Guinier uitgelegd in The New York Times Magazine: “Mijn wetenschappelijk project als hoogleraar rechten was het beantwoorden van de vraag die werd opgeworpen door de zaken die ik had gedagvaard.”In het bijzonder, vroeg ze,” waarom is het dat in veel stad en provincie bestuursorganen, vooral in het zuiden, de belangen van zwarten nog steeds vaak verliezen? Ik schreef als een juridisch geleerde over manieren om rassendiscriminatie te verhelpen; ik schreef ook als een politieke theoreticus. Geïnspireerd door het werk van James Madison, verkende ik manieren om ervoor te zorgen dat zelfs een eigenbelangrijke meerderheid kon werken met, in plaats van ’tiranniseren,’ een minderheid. Als een kwestie van politieke filosofie, stelde ik me een meer consensuele, deliberatieve en participatieve democratie voor alle kiezers, ondanks religieuze, politieke, raciale of seksuele verschillen.”
de kritiek op een meerderheid tirannie—precies het punt dat haar benoeming van het Ministerie van Justitie later zo controversieel zou maken-vormde de kern van haar politieke gedachte; ze legde het uit in hetzelfde artikel: “mijn punt is eenvoudig: 51 procent van de mensen zou niet altijd 100 procent van de macht moeten krijgen; 51 procent van de mensen zou zeker niet alle macht moeten krijgen als ze die macht gebruiken om de 49 procent uit te sluiten. In dat geval hebben we geen meerderheidsregel. We hebben tirannie van de meerderheid.op 29 April 1993 riep president Clinton zijn oude vriend op om de functie van assistent procureur-generaal voor burgerrechten op zich te nemen bij het Ministerie van Justitie. Haar geschriften werden al snel in beslag genomen door leden van de politieke rechtervleugel, die vreesden dat haar ideeën te radicaal waren. “Ik was niet voorbereid op de heftigheid van deze kritieke lawine”, schreef Guinier in het tijdschrift New York Times. “Binnen de academische wereld waren mijn artikelen niet controversieel. Ze waren op grote schaal verspreid en warm ontvangen, zelfs door afwijkende conservatieve geleerden die inhoudelijke, legitieme meningsverschillen met mijn ideeën hadden, maar niettemin mijn inspanningen respecteerden.”

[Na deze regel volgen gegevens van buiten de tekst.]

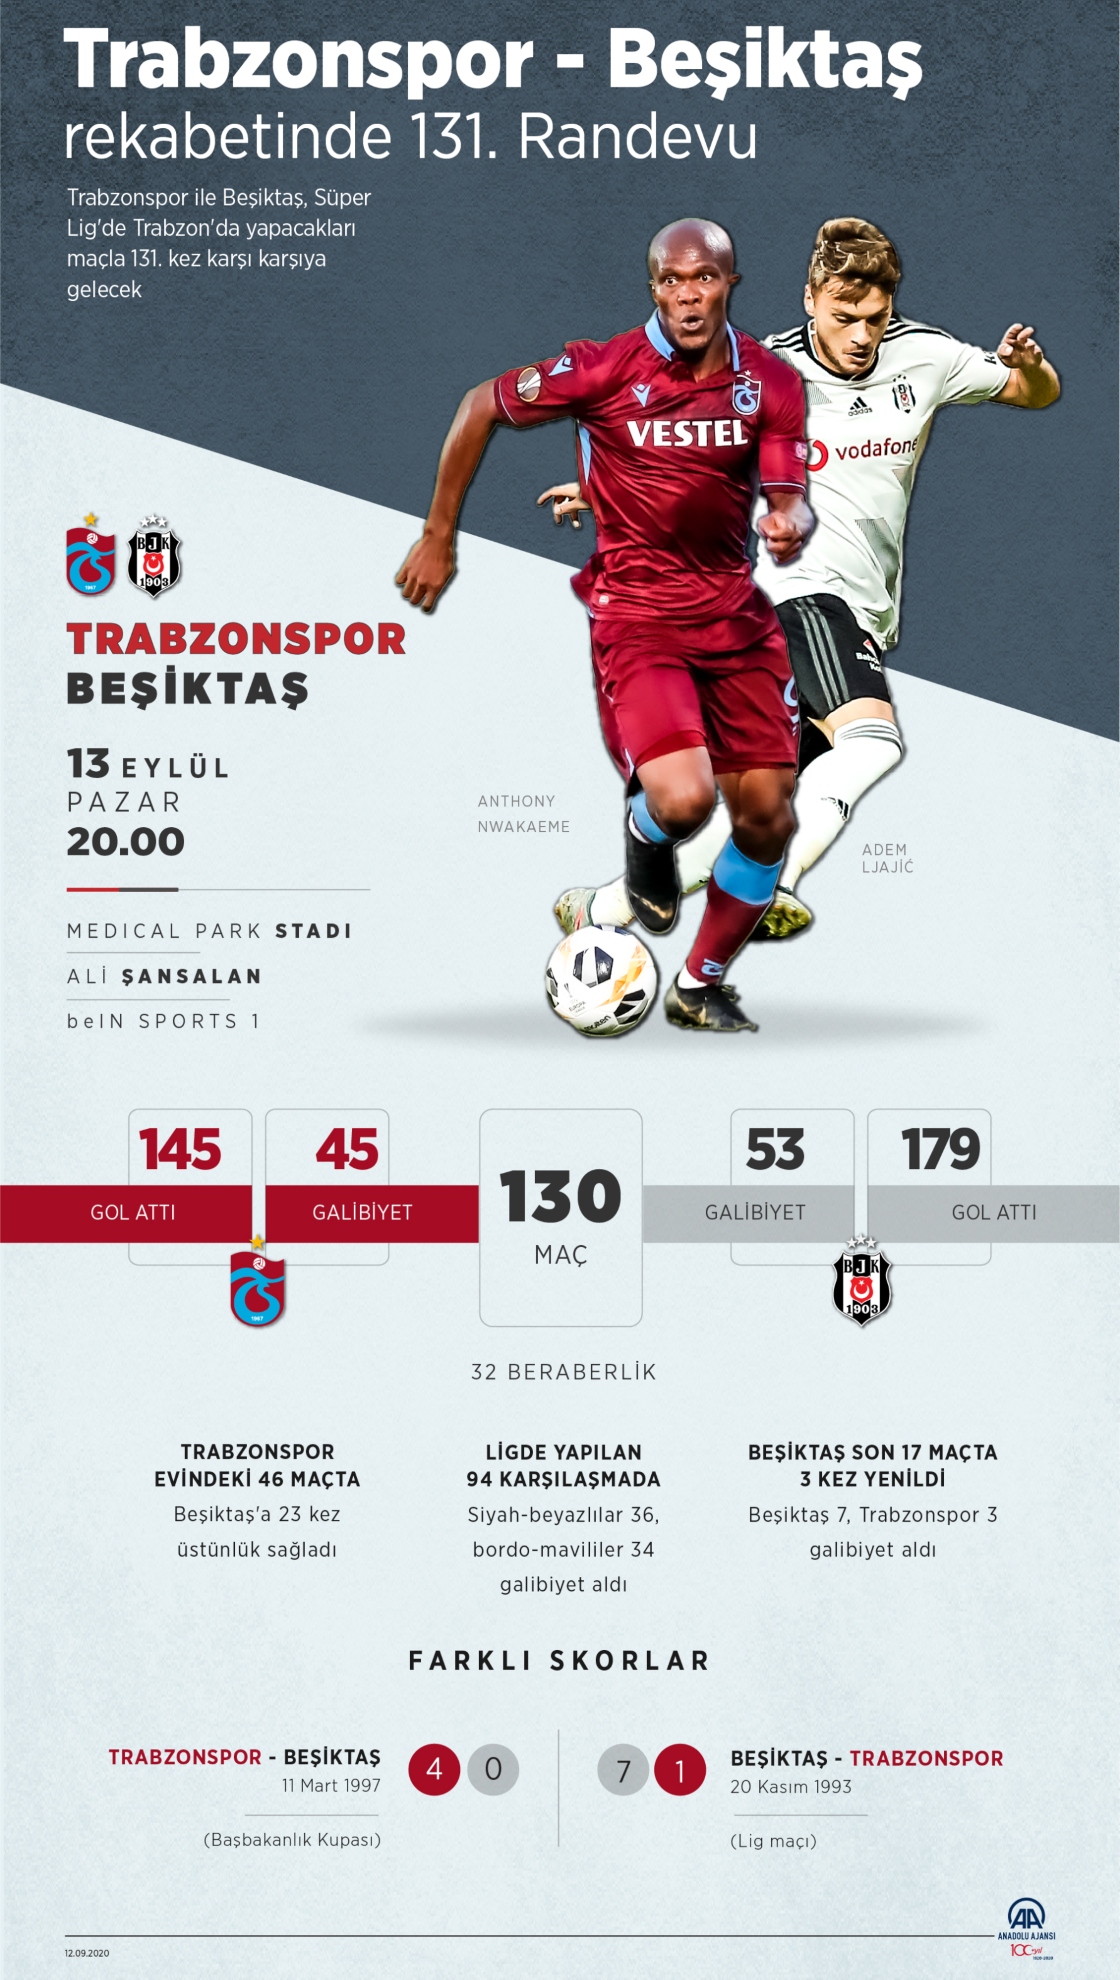 Beşiktaş-Trabzonspor rekabetinde 131. randevu

Ideas Inspired Controversy
Karen Branan, die schreef voor MS., suggereerde dat “there were people loying in wait to criticism writings.”De drijvende kracht achter deze mensen was voormalig ambtenaar Clint Bolick. In een stuk over Bolick voor de Washington Post, Michael Isikoff gemeld, ” werken vanuit een kleine suite van kantoren aan de overkant van de straat van het Ministerie van Justitie, Bolick en collega Chip Mellor werd wat ze noemen ‘informatie centrale’ voor de Guinier battle, meer dan 100 kopieën van haar artikelen aan belangrijke Senaat stafmedewerkers, journalisten, redactionele schrijvers en andere ‘opinieleiders.’Ze produceerden ook een drumbeat van persberichten, rapporten en opinieartikelen die de… hoogleraar rechten portretteerden als een pro-quota, linkse extremist die de democratische principes wil ondermijnen.”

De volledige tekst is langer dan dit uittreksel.